Midway Contemporary Art is a non-profit arts organization located in the Sheridan neighborhood of Minneapolis, Minnesota. Both its gallery and research library are free and open to the public.

==History==
Midway Contemporary Art was founded in January 2001 by John Ballinger and John Rasmussen. Part of its mission is to promote emerging and underrepresented artists.
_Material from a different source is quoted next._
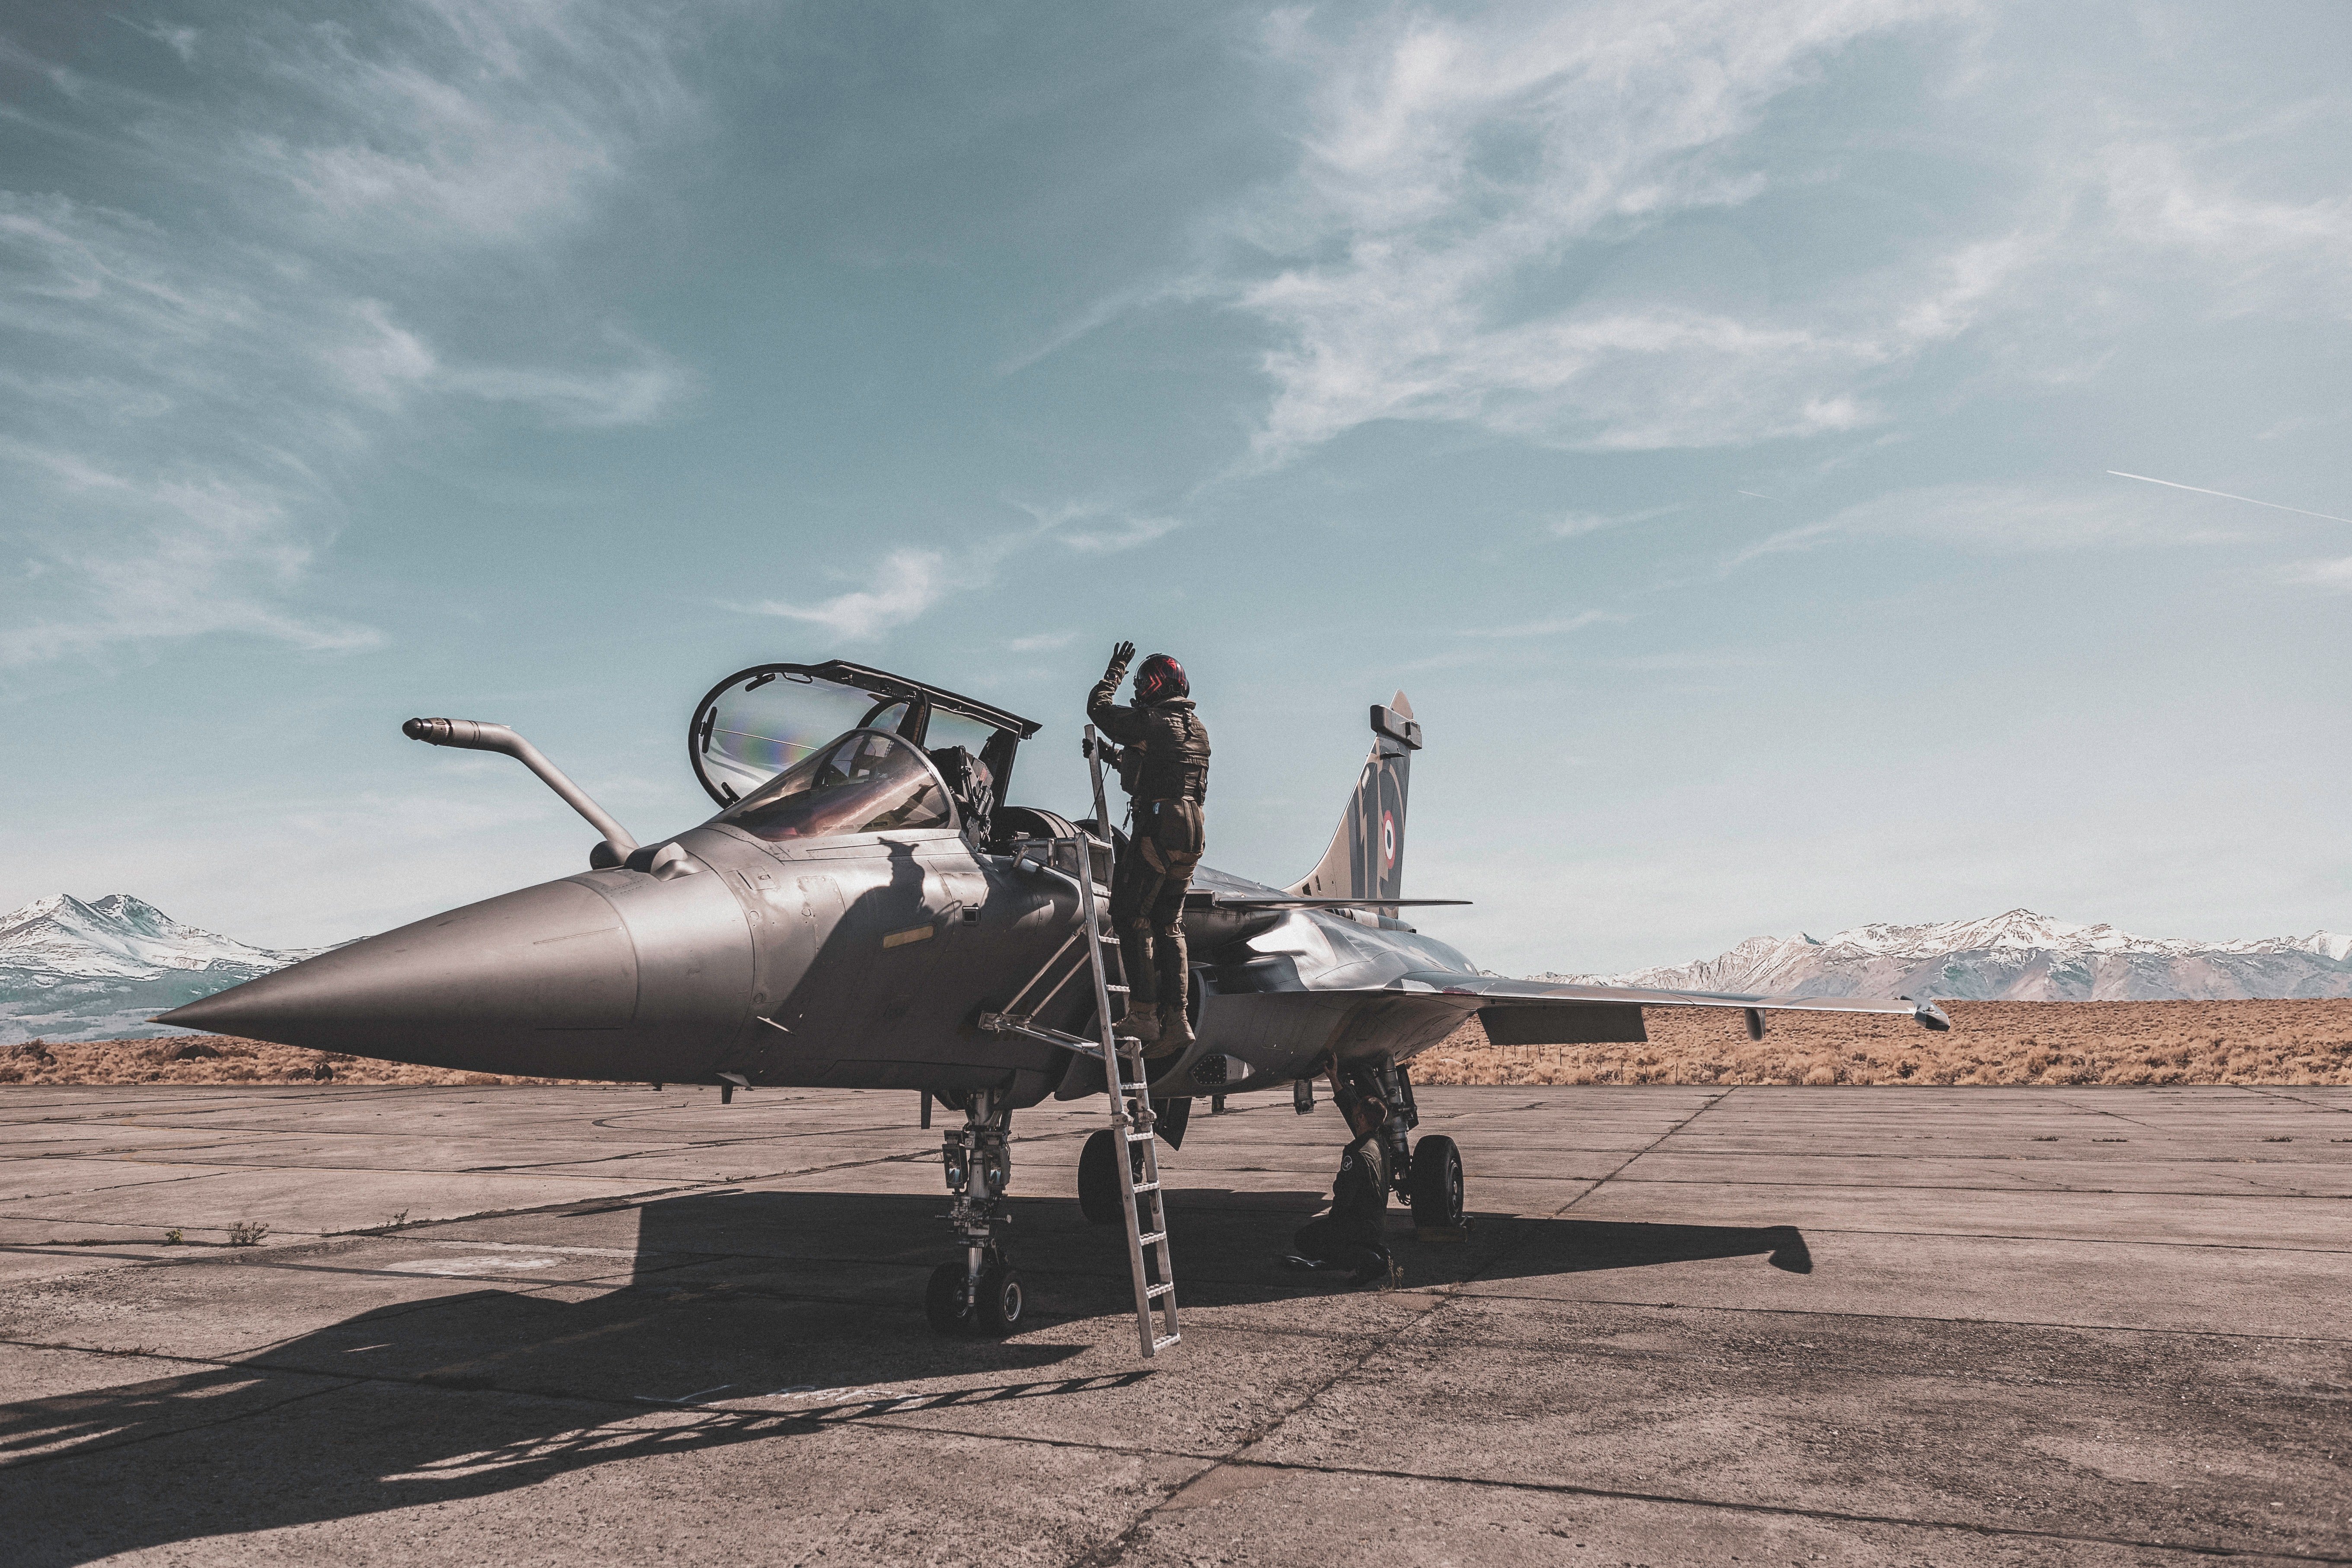 OP aspires to become an Aerospace Engineer in the USAF. | Source: Pexels

Rasmussen is the current Executive Director.

Originally located in Saint Paul's Midway neighborhood, the gallery moved to the Marcy Homes neighborhood in January 2006. Midway Contemporary started the Midway Contemporary Art Library in 2007. The gallery hosts five exhibitions during the year in addition to film screenings and lectures.

Midway Contemporary Art is funded through public and private foundations, individuals, and governmental support. The organization also hosts two annual fundraiser events. During the annual Monster Drawing Rally fundraiser, dozens of local artists gather to produce live drawings which are sold upon completion.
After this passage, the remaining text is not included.